__Data block__:
>>>

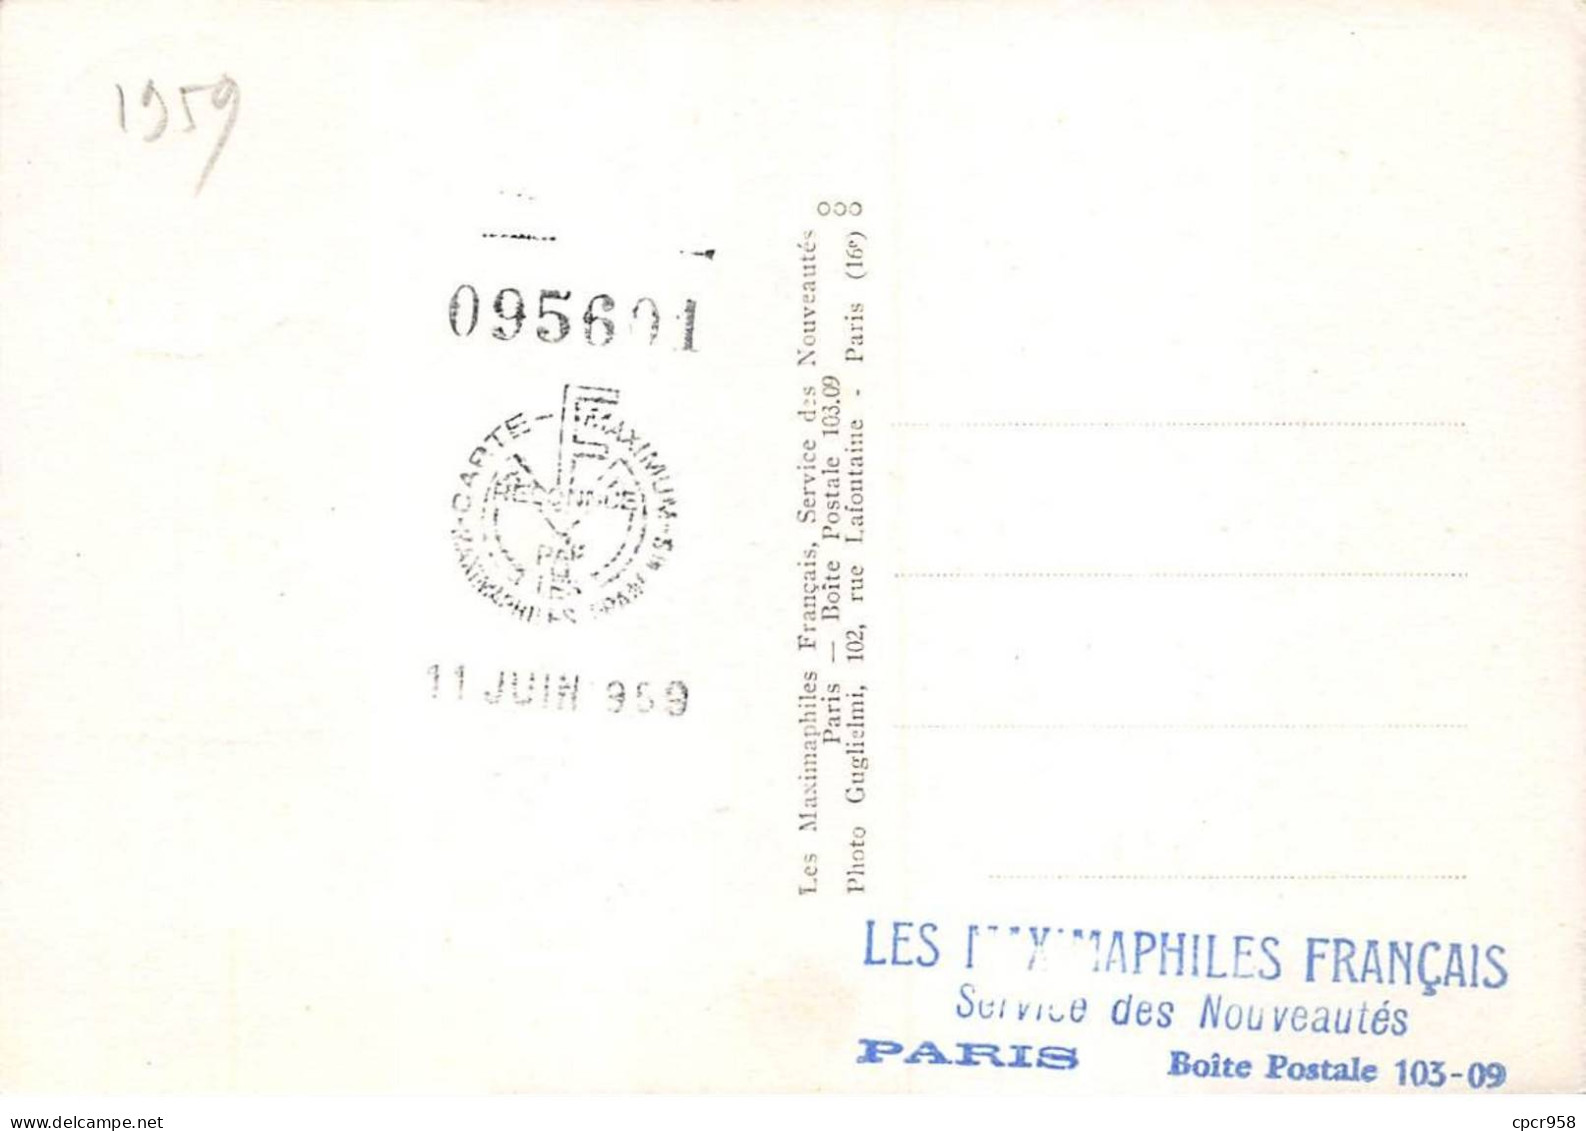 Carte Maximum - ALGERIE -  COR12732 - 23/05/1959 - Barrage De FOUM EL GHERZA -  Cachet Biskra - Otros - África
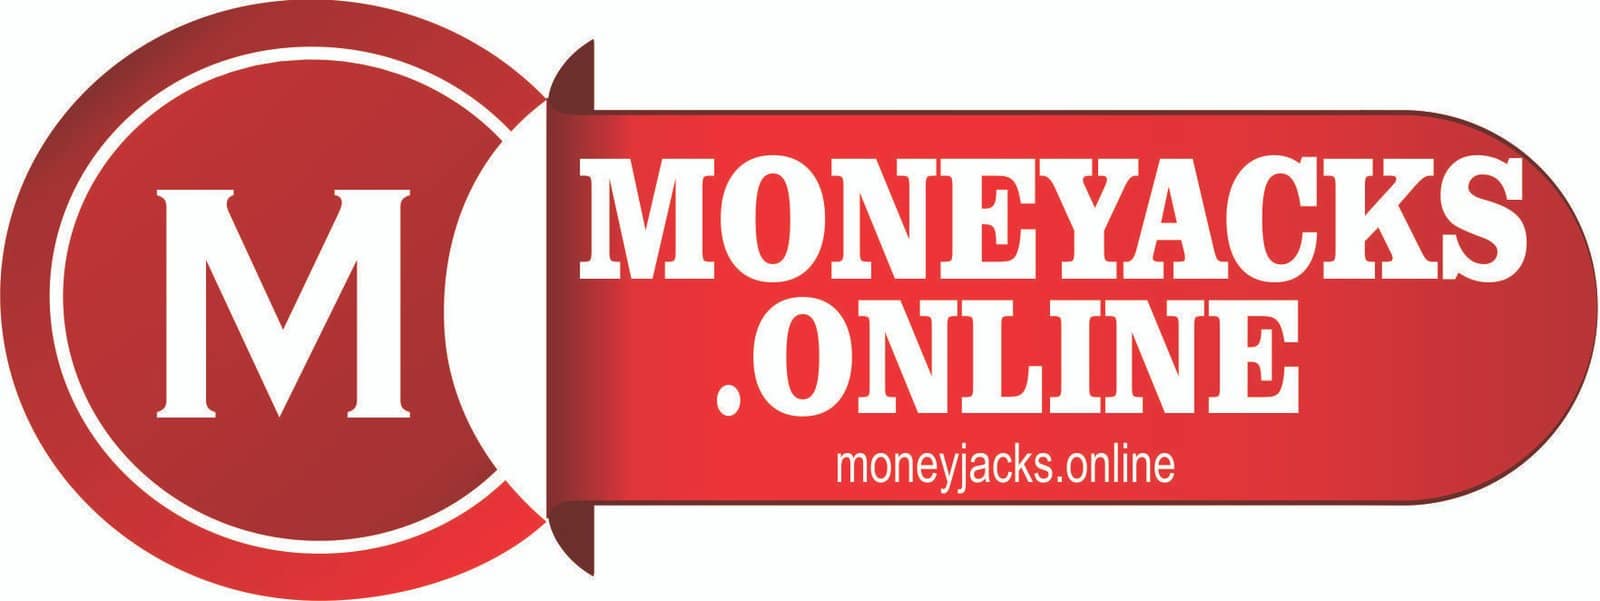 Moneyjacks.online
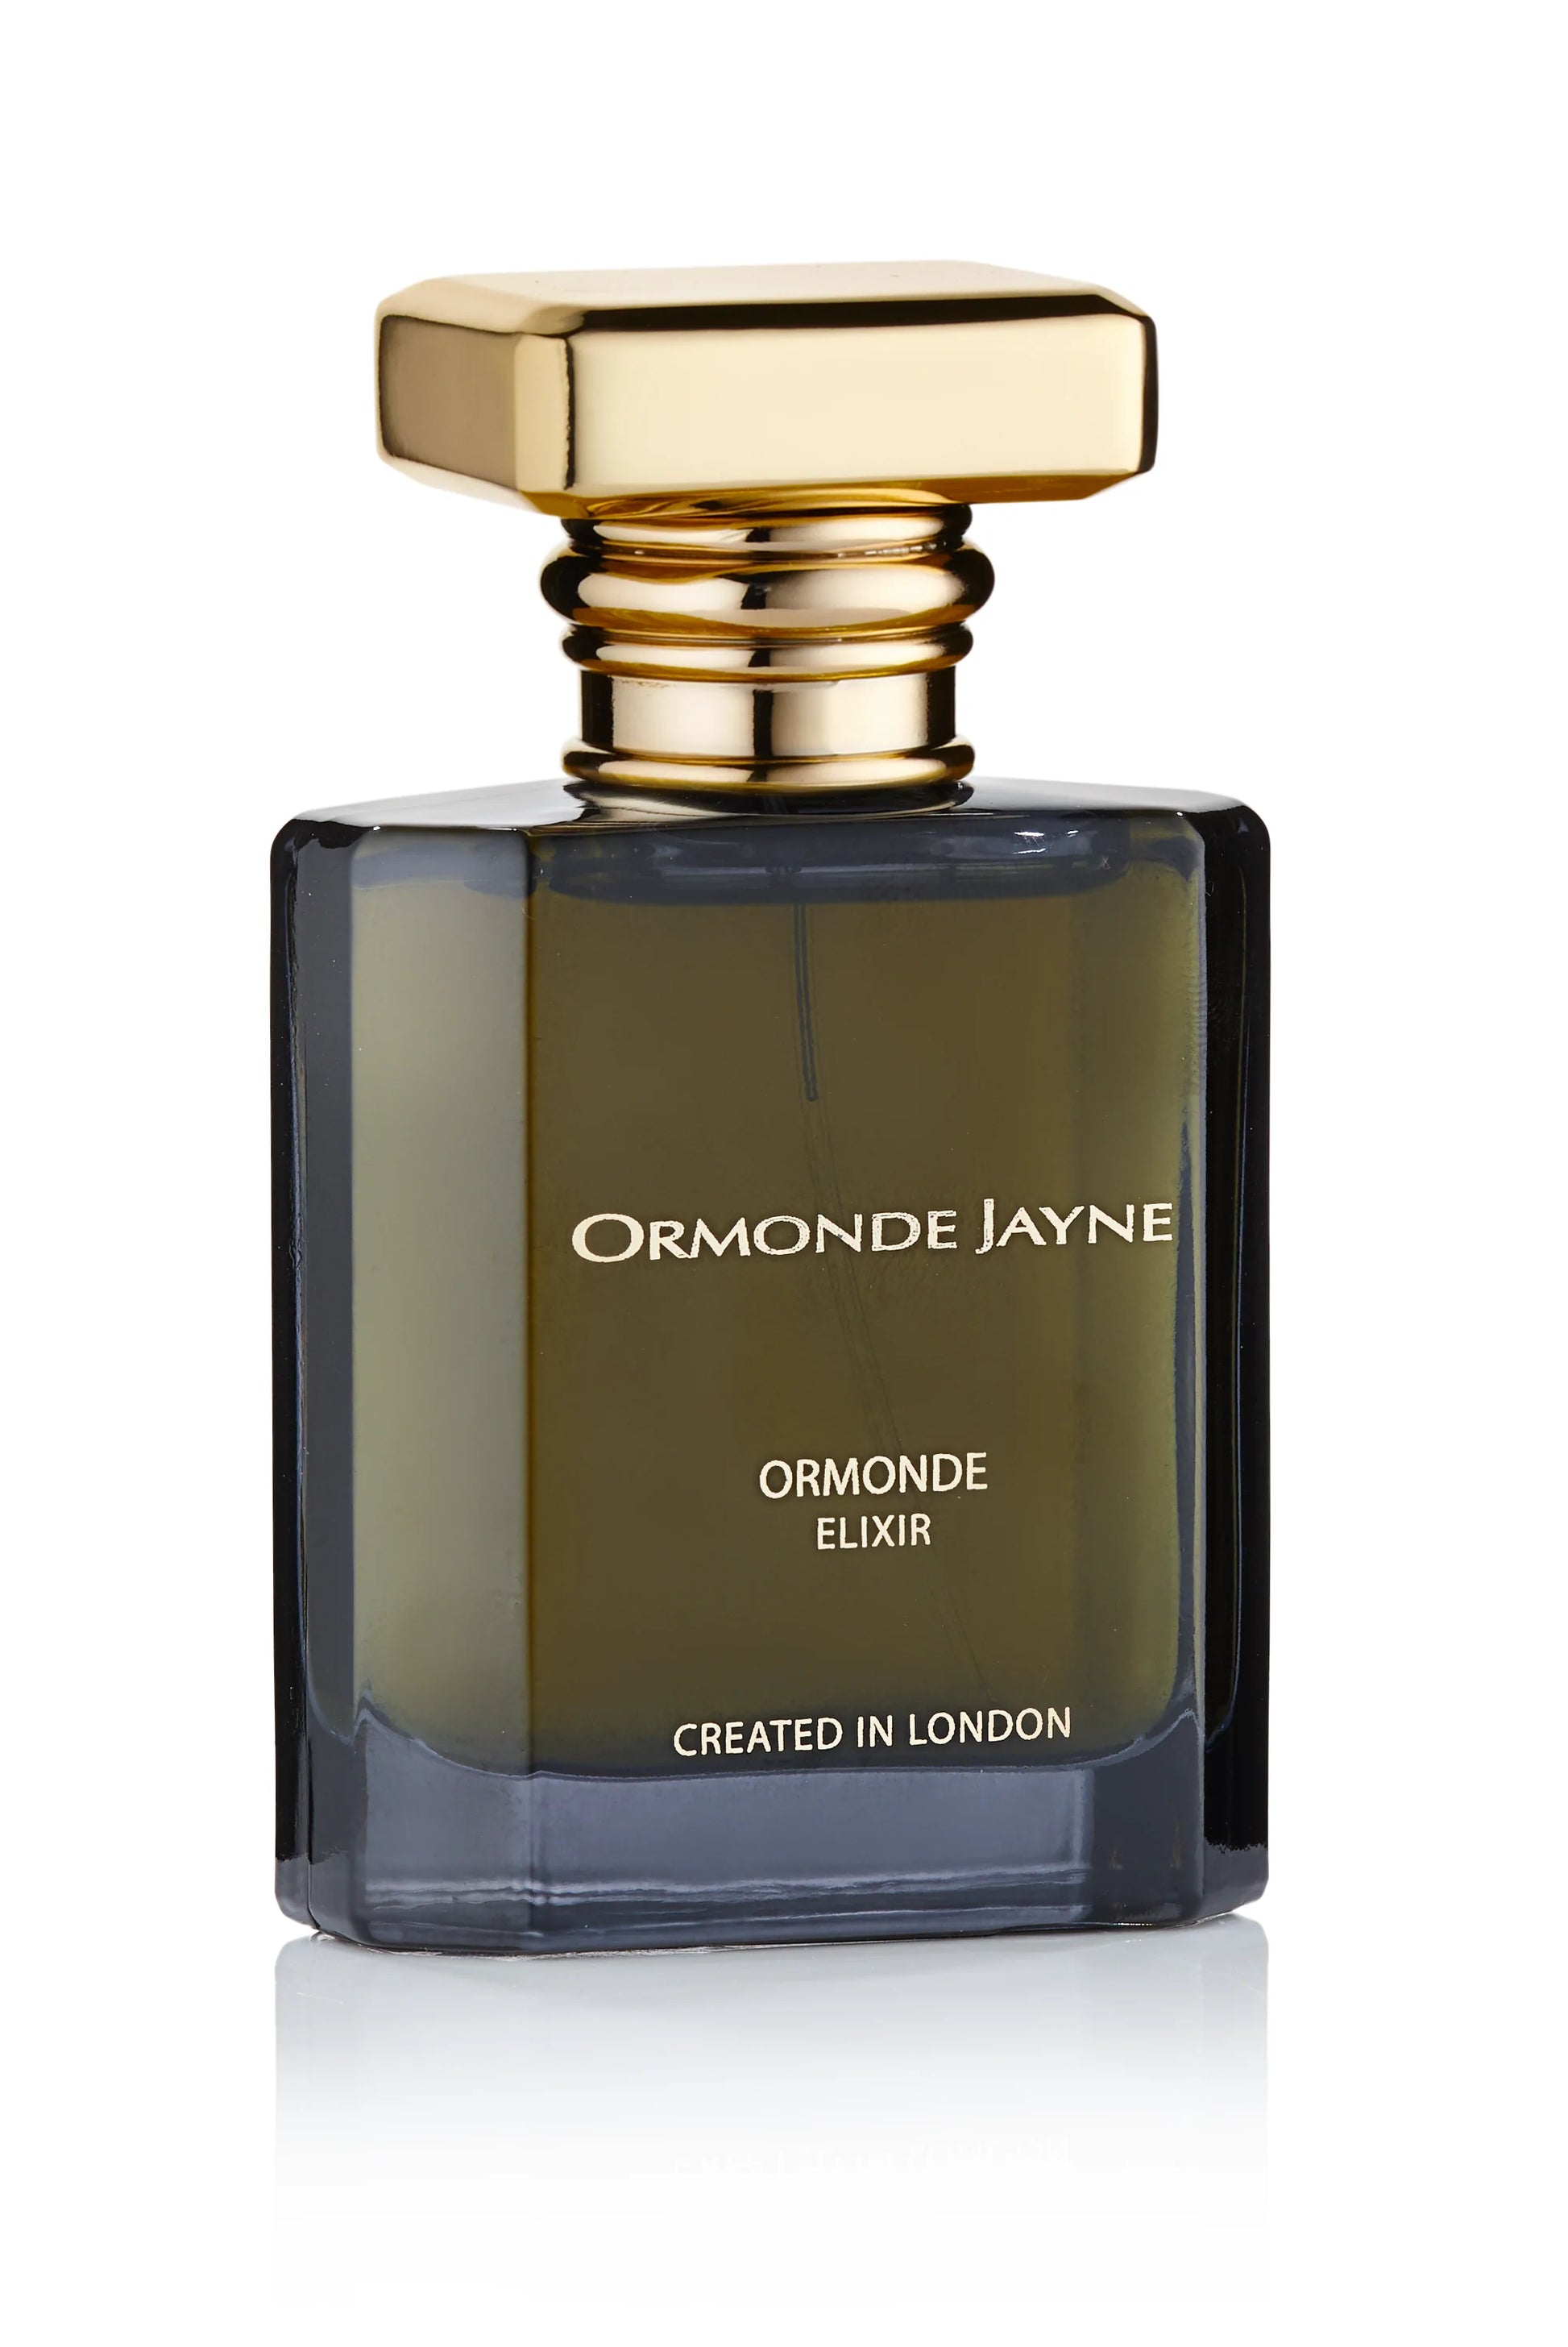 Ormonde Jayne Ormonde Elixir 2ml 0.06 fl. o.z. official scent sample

<<<

__Directions__: All lines from the line with "Moneyjacks.online" through the final line of the listing are to be printed exactly, both ends included; the pictures are not.

__Answer box__:
 Moneyjacks.online
 Ormonde Jayne Ormonde Elixir 2ml 0.06 fl. o.z. official scent sample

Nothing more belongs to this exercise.